Booker wrote for The Garry Moore Show during the late 1960s and also contributed to The Ed Sullivan Show, as well as other variety programs. When Hollywood came calling, he relocated to Los Angeles and produced the motion picture The Phynx in 1970. He returned to television and produced numerous TV shows from the 1970s to the 1990s, including The NBC Follies and Fifty Years of Country Music. He partnered with Burt Reynolds, producing two network pilot specials: Cotton Club '75 and The Wayne Newton Special. In 1977, Paramount hired him to create television specials to promote their feature film releases: American Hot Wax, Foul Play and Grease. In 1987, Booker created the syndicated teen fantasy sitcom Out of This World starring Maureen Flannigan and Donna Pescow. He produced numerous "outtake" shows and established an extensive comedy videotape library for his shows Foul-Ups, Bleeps & Blunders with Don Rickles and Steve Lawrence, Comedy Break and The Hit Squad. He would continue to market the TV library globally for decades.

==Personal life and death==
Booker donated many of his personal television scripts to the Writers Guild Foundation Archive. The original master tapes of his albums The First Family and The First Family Volume Two were donated to President John F. Kennedy's library in Boston at the request of Caroline Kennedy and are on display in the library, along with a Gold Album of the first album.

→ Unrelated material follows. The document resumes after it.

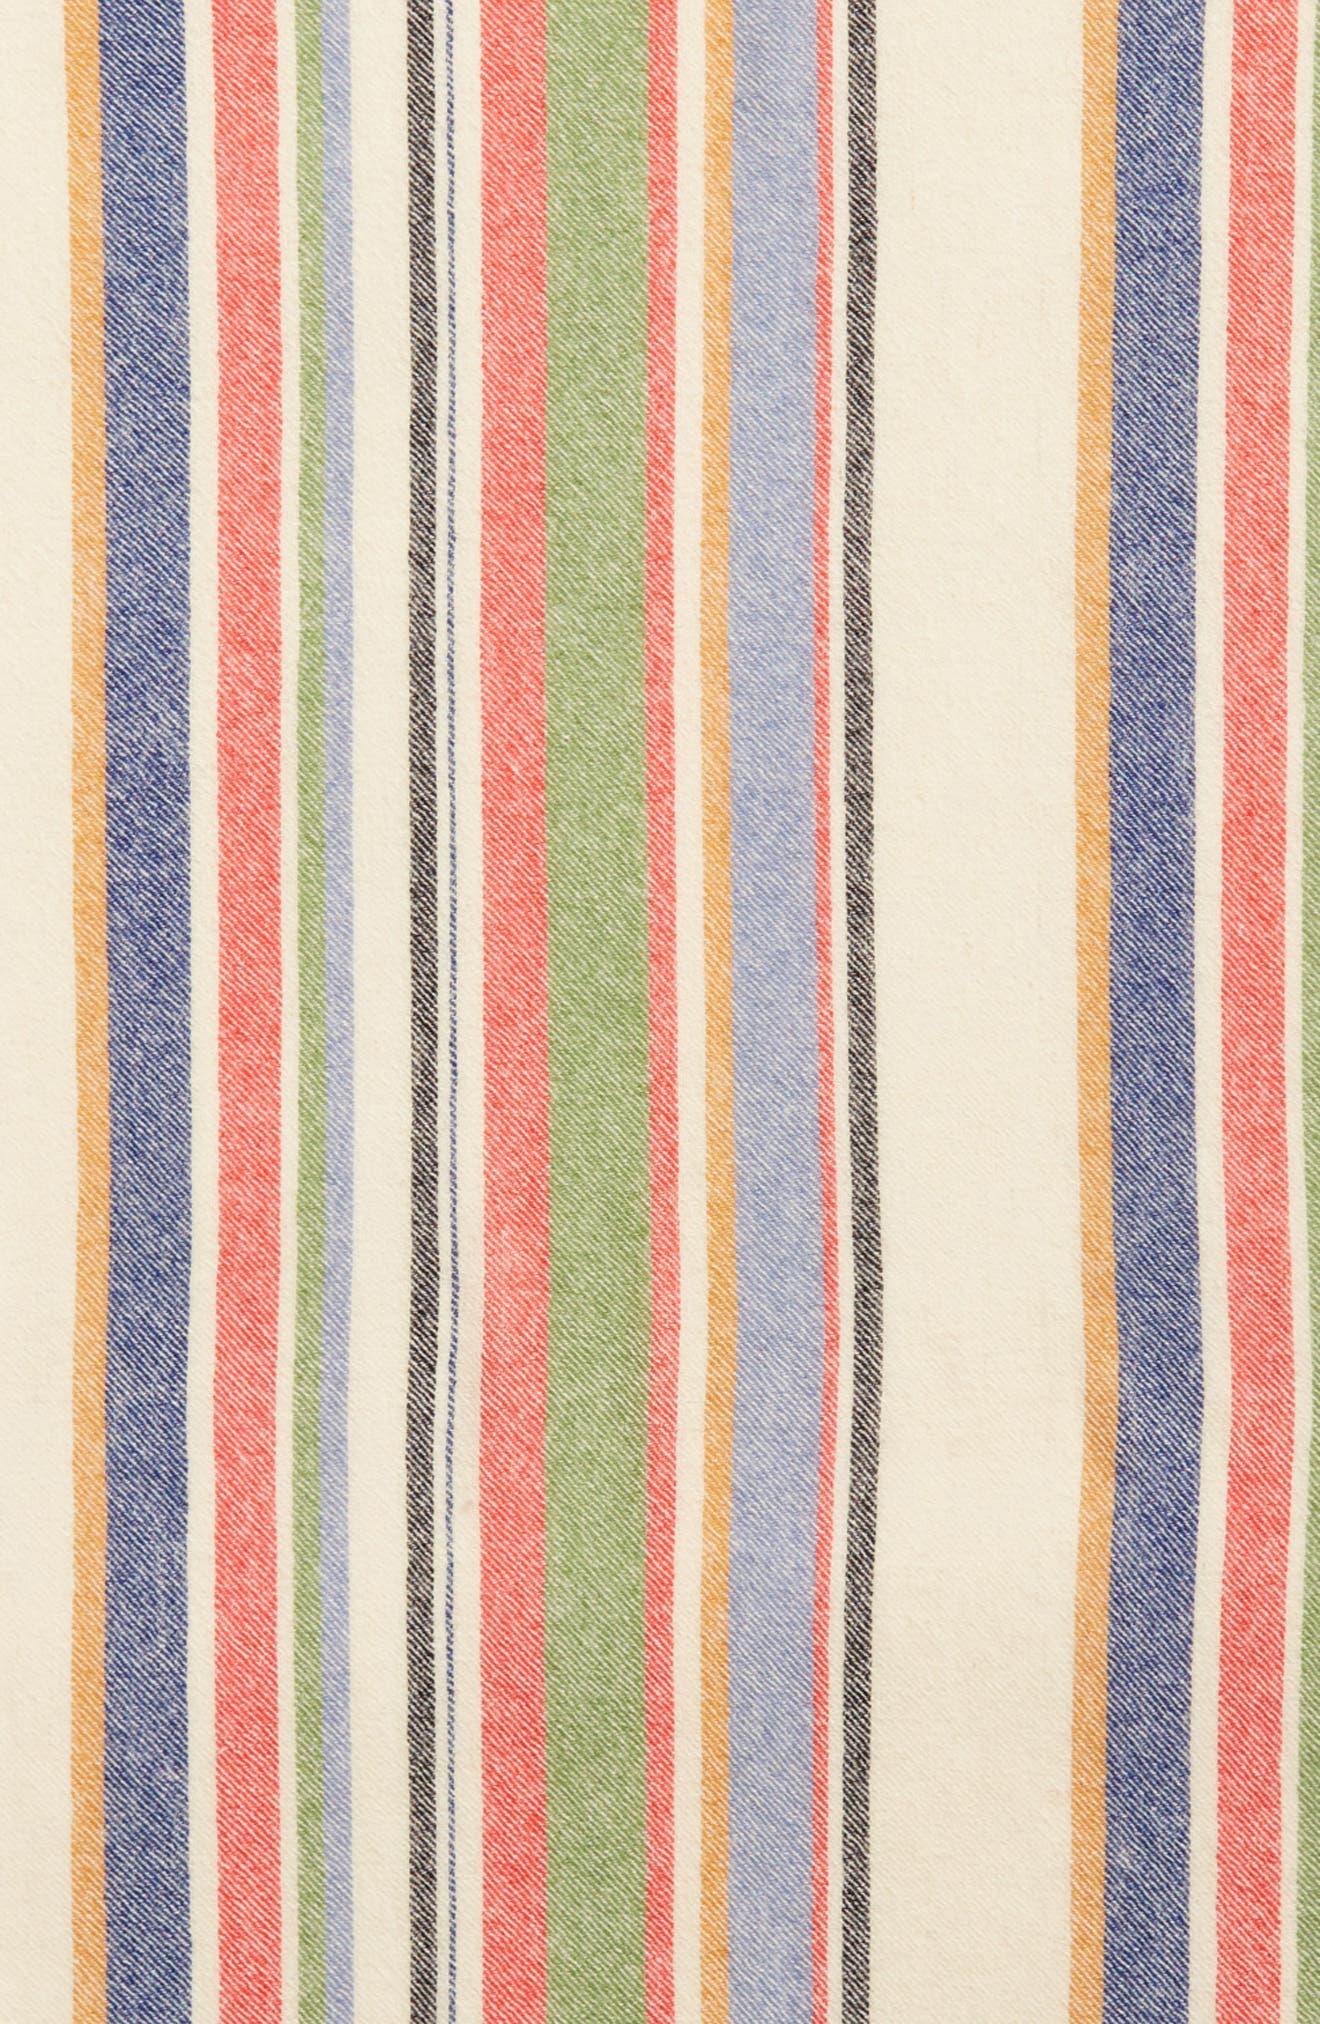 Alternate Image 4  - Standard Form Variance Wool & Cashmere Scarf

Booker lived in Northern California with his wife of 55 years, Barbara Noonan Booker, who partnered and co-produced programming with her husband on the four major networks and in syndication. During the final years of his life, Booker continued working on a variety of projects, following his grandfather's advice that one should "never retire"; he was working on a prospective project until days before his death from heart failure at his home in Tiburon, California on July 12, 2024, at age 92.

==Album work==
A partial list of his album credits:

- You Don't Have to Be Jewish (1964)
- When You're in Love, the Whole World is Jewish (1965)
- Al Tijuana & His Jewish Brass (1966)
- The Yiddish are Coming! The Yiddish are Coming! (1967)
- The New First Family (1966) (No. 72 US)
- Scream On Someone You Love Today (1967)
- The New First Family 1968: A Futuristic Fairy Tale (1968)
- Beware of Greeks Bearing Gifts (1968) (No. 190 US)
- The Handwriting On the Wall (The Sounds Of Graffiti) (1968)
- Pat McCormick Tells It Like It Is (1968)
- The Jewish American Princess (1971) (No. 183 US)
- Out of the Closet (1977)

==Television work==
A partial list of his television credits:

- The NBC Follies (1973)
- Cotton Club '75 (1974)
- Charo (1976)
- The Paul Lynde Halloween Special (1976)
- Fifty Years of Country Music (1978)
- Grease Day USA (1978)
- Waylon (1980)
- Christmas Gold (1982)
- The Best Little Special in Texas (1982)
- The Funniest Commercial Goofs (1983)
- Foul-Ups, Bleeps & Blunders (1983–84)
- The Love Boat Fall Preview Special (1984)
- Anything for a Laugh (1985)
- Comedy Break (1985)
- Rickles on the Loose (1986)
- The Hit Squad (1987)
- Out of This World (1987–91)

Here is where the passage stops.